More than likely your granddad had free telephone, electricity, tv licence and a fuel allowance as part of his pension before he passed away. That may be the reason the account was in credit. However, there shouldn't have been any calls made since his death. Check this out with other family members and the executor then get on to the phone co with explanation. What are the bills for?


----------



## gnf_ireland (5 Sep 2017)

noproblem said:


> More than likely your granddad had free telephone, electricity, tv licence and a fuel allowance as part of his pension before he passed away. That may be the reason the account was in credit.


If this is the case, the same should have happened from up to 31st December 2013. The Free Telephone was ceased at that stage, although if the Dept of Social Protection may have attempted to issue a claw back on the funds paid to eircom.

Has probate been closed, or is it still pending? Has the house been sold etc? I assume the account is still in your grandfather's name.

It really was up to the Executor to close the account with eircom and inform them your grandfather had passed away. Does the same situation exist for ESB etc?

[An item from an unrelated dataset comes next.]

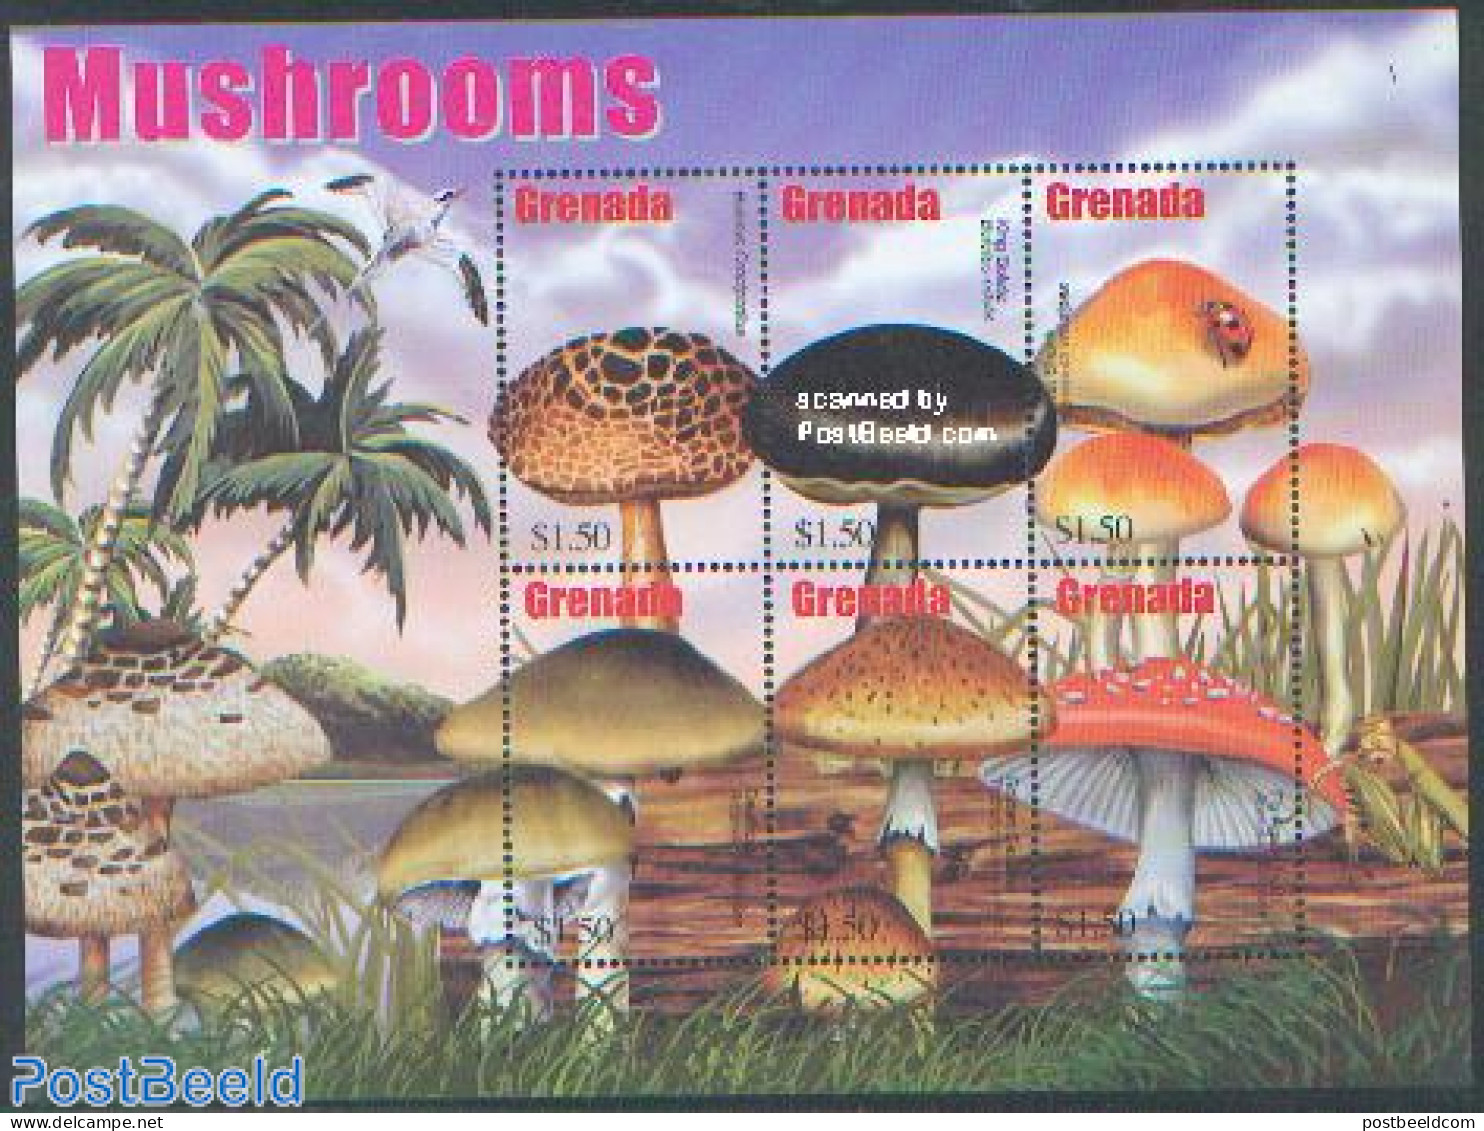 Grenada 2002 Mushrooms 6v M/s /Boletus Crocipodius, Mint NH, Nature - Mushrooms - Mushrooms

Historically, it has been standard industry practice over the years to close accounts and write-off balances in the case of 'payer deceased'. If there have been no calls made from the phone since 2005, you should get the executor or a solicitor to write to the eircom or their representatives, explain the situation and include a copy of the death certificate. I would be surprised if it went any further - assuming there were no calls made. If there are still calls being made, for whatever reason, this would be a different matter I am guessing.


----------



## Leper (5 Sep 2017)

Your grandfather died 12 years ago and you live in the UK. Eircom (Telecom Eireann) is not a bad company with which to deal. If there are no calls registered on the account since 2005 common sense dictates that no further charge should exist since then. I advise that you write to Eircom and keep copy of letters. But, if there is a significant number calls registered on the account over the years then that's another story.


----------



## Deedee06 (14 Sep 2017)

Thank you all so much for your advice on this matter.  Think we will be writing a letter to eircom with the death certificate and get this sorted out.  Thank you again.


----------



## DirectDevil (12 Oct 2017)

I thought that there was a time limit of 2 years from date of death to issue proceedings against the estate of a deceased person ?


----------